There’s a select group of stocks that have actually missed the rally, and can still be purchased at bargain prices today. Believe it or not, some of these businesses are even performing better than they did in 2007.

It’s not too good to be true. Here are the best stocks that the rally forgot.

Finding value, in the rubble of dot-com mania

In 2000, IP-networking giant Cisco Systems, Inc. (NASDAQ:CSCO) and tech glass maker (LCDs, mobile, etc.) Corning Incorporated (NYSE:GLW) were on fire. These companies share a special kindred, as both led the market during the tech boom. In 2000 Cisco’s shares topped a whopping $70 per share, and Corning topped $100 at one point. But since the tech bubble, these stocks have been perpetually undervalued and neither has touched their 2007 levels (around $30 each) since the recession started.

And while both of these stocks have lagged the market recently, they both appear poised to turn the corner.

Cisco Systems, Inc.1. Both Cisco Systems, Inc. (NASDAQ:CSCO) and Corning Incorporated (NYSE:GLW) been consistently profitable. Cisco, which holds dominant market share in its industry, has grown earnings on a steady march upward. Corning is a cyclical player, which has had some peaks and valleys based on demand. But they both have been steady generators of cash.

2. They pay healthy, safe, dividends. Both companies have yields over 2.5%, very high for tech companies, and low pay-out ratios (well below 50%). With low pay-outs and strong cash positions, these dividends should keep growing. Corning Incorporated (NYSE:GLW), for instance, has grown its dividend 26% over the past five years.
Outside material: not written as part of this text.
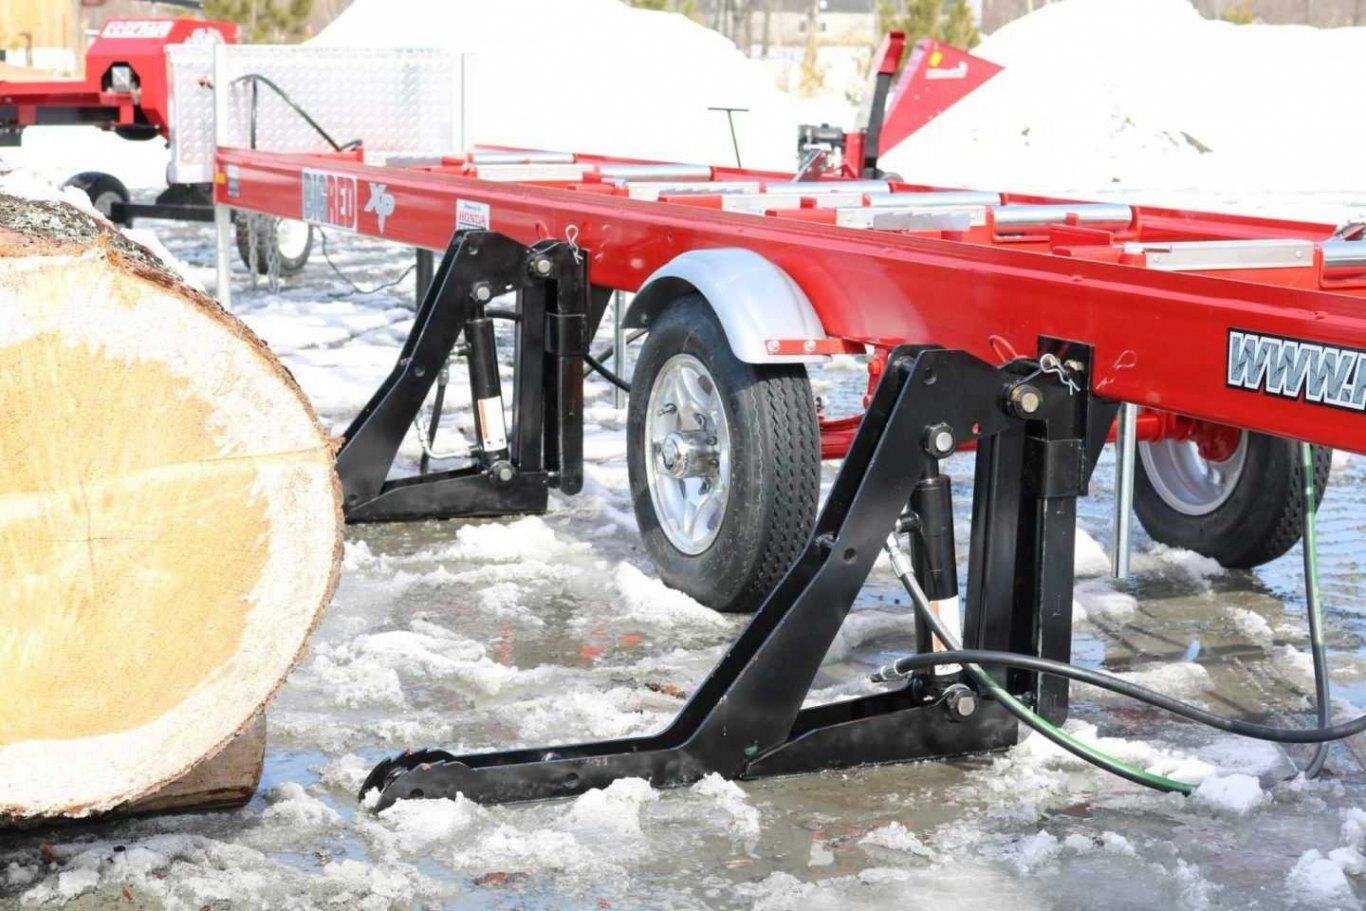 Vallee HYDRAULIC LOG LIFT FOR SAWMILLS

3. Both are rallying off of strong quarterly results, and their CEOs have made bullish statements on their near-term future.
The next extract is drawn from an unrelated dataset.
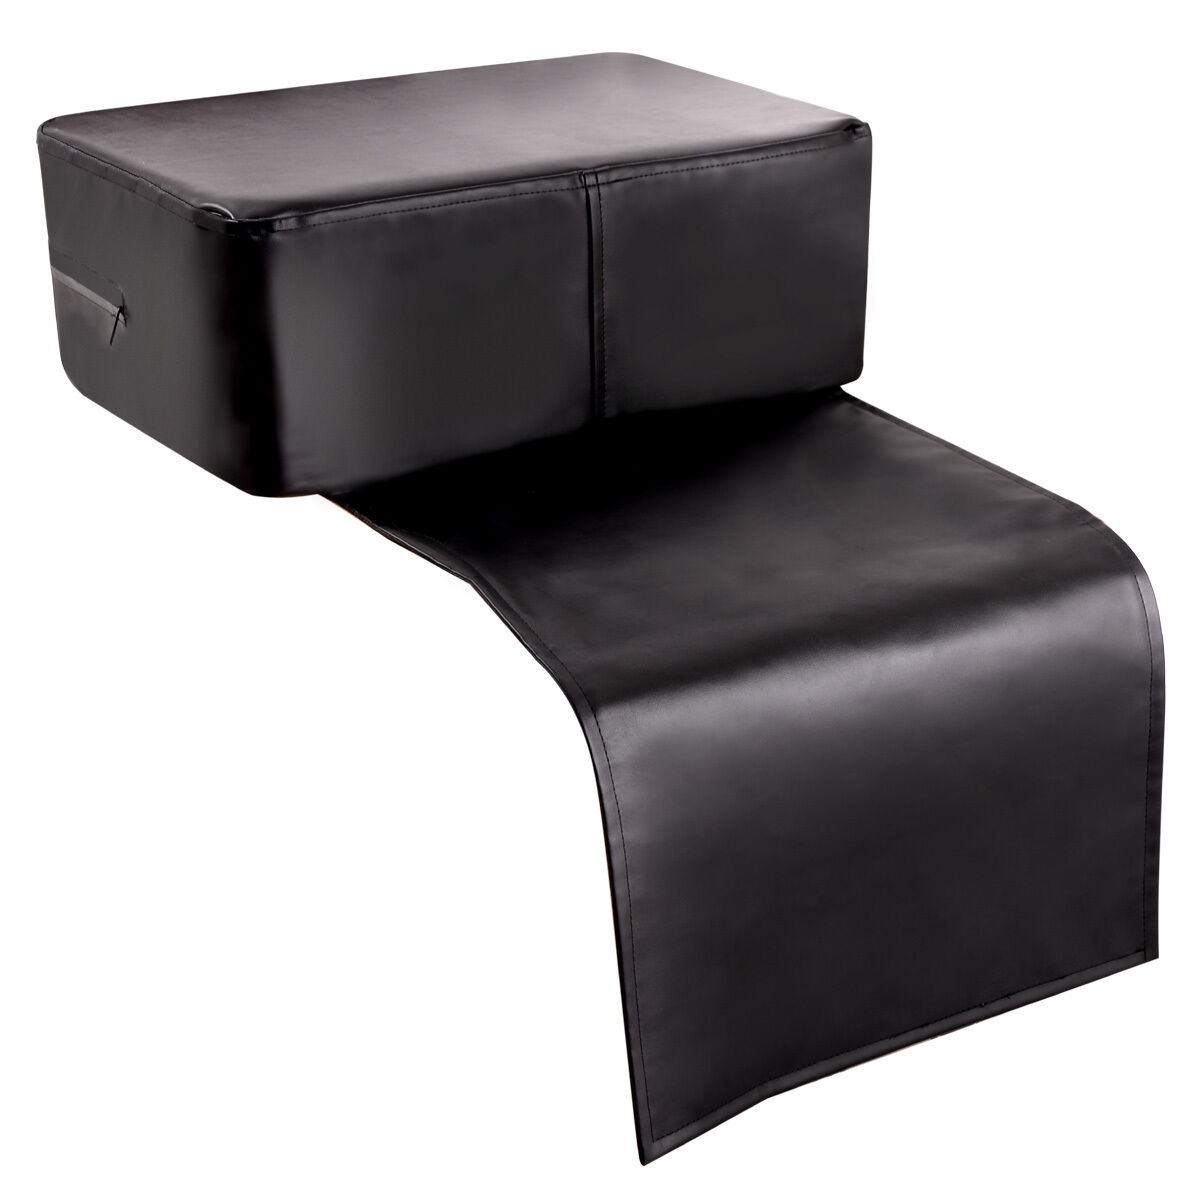 Black Barber Beauty Salon Spa Equipment Styling Chair Booster Child Seat Cushion

These companies aren’t sexy, but it’s not like they’ve had poor results the past few years. They’ve both had tremendous annual dividend growth and, at least single-digit revenue growth over the past five years. Cisco Systems, Inc. (NASDAQ:CSCO)has actually grown earnings since 2008 as well, straight through some rough years, albeit slowly.
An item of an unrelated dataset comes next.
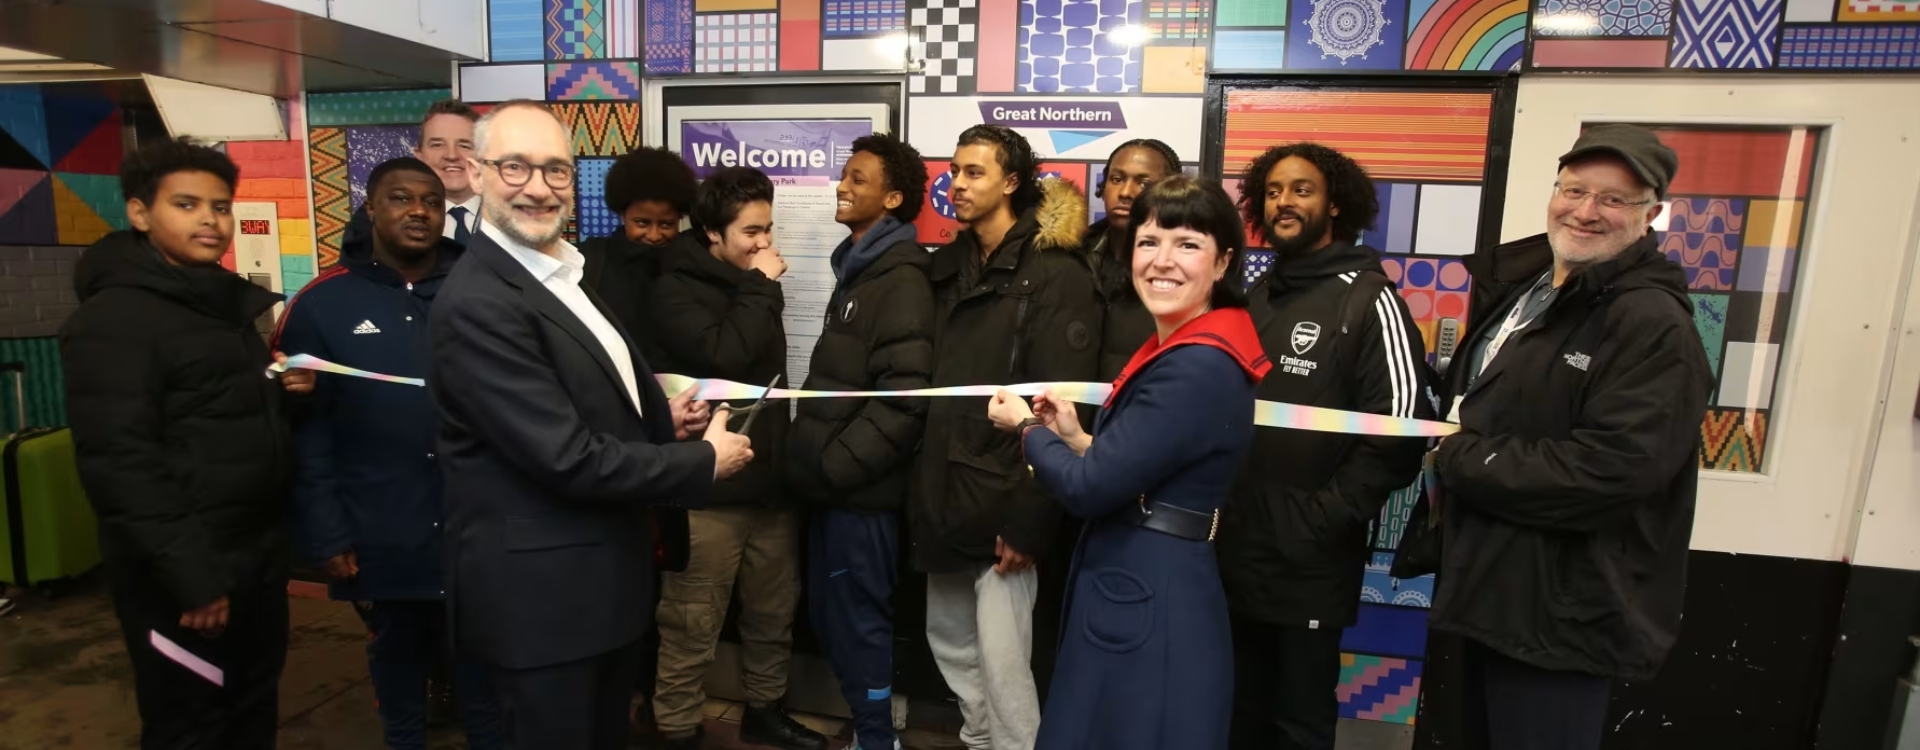 Diversity and togetherness: community mural unveiled at Finsbury Park station

But despite that strong performance, it’s the comments by Cisco’s John Chambers and Corning Incorporated (NYSE:GLW)’s executive team that are most bullish. Corning’s CEO stated that their market had likely bottomed, a huge bullish signal for a cyclical play, and Cisco Systems, Inc. (NASDAQ:CSCO)’s team has been positive on the overall tech sector and the broader U.S. economy.

It’s not surprising, given how much these companies have in common, that they both share the same P/E ratio — 13. That’s below the market’s historical average, despite the fact that they’re both trending higher.

The rally from 2009’s lows forgot these two stocks, but it seems like the market has finally decided that their “arrows” are pointing up. With their high dividends and growth prospects, they’re compelling right now.

Value that you can bank on

The “Great Recession” was triggered by a financial crisis, so it’s not surprising that  banks have lagged the overall markets returns. It’s also not surprising that the Financial Select Sector SPDR (ETF) (NYSEARCA:XLF) is still really cheap. The fund still trades below $20 a share, well below the 2007 highs near $40 and hasn’t moved much during the market’s recovery. Some of its largest holdings (Bank of America Corp (NYSE:BAC), American International Group Inc (NYSE:AIG) and Citigroup Inc. (NYSE:C)) trade between 6 and 20 times lower than they did pre-recession, and also haven’t moved much in the recovery.

Up until recently, they’ve traded right were they should.

The Great Recession created great values. Nobody wanted to try to value these banks assets when there were so many other options. But those great values have become fewer and fewer and, like it or not, sooner or later this rally will have to include banks.

Citigroup Inc. (NYSE:C), Bank of America Corp (NYSE:BAC), and American International Group Inc (NYSE:AIG) are trading at steep discounts despite signs that their businesses are becoming less risky. Sure there is risk, but if you purchase them through the XLF fund you will diversify for some safety. If you buy the Financial Select Sector SPDR (ETF) (NYSEARCA:XLF) you get the deep value upside of AIG and Citi, while also owning safer names like Berkshire Hathaway Inc. (NYSE:BRK.A).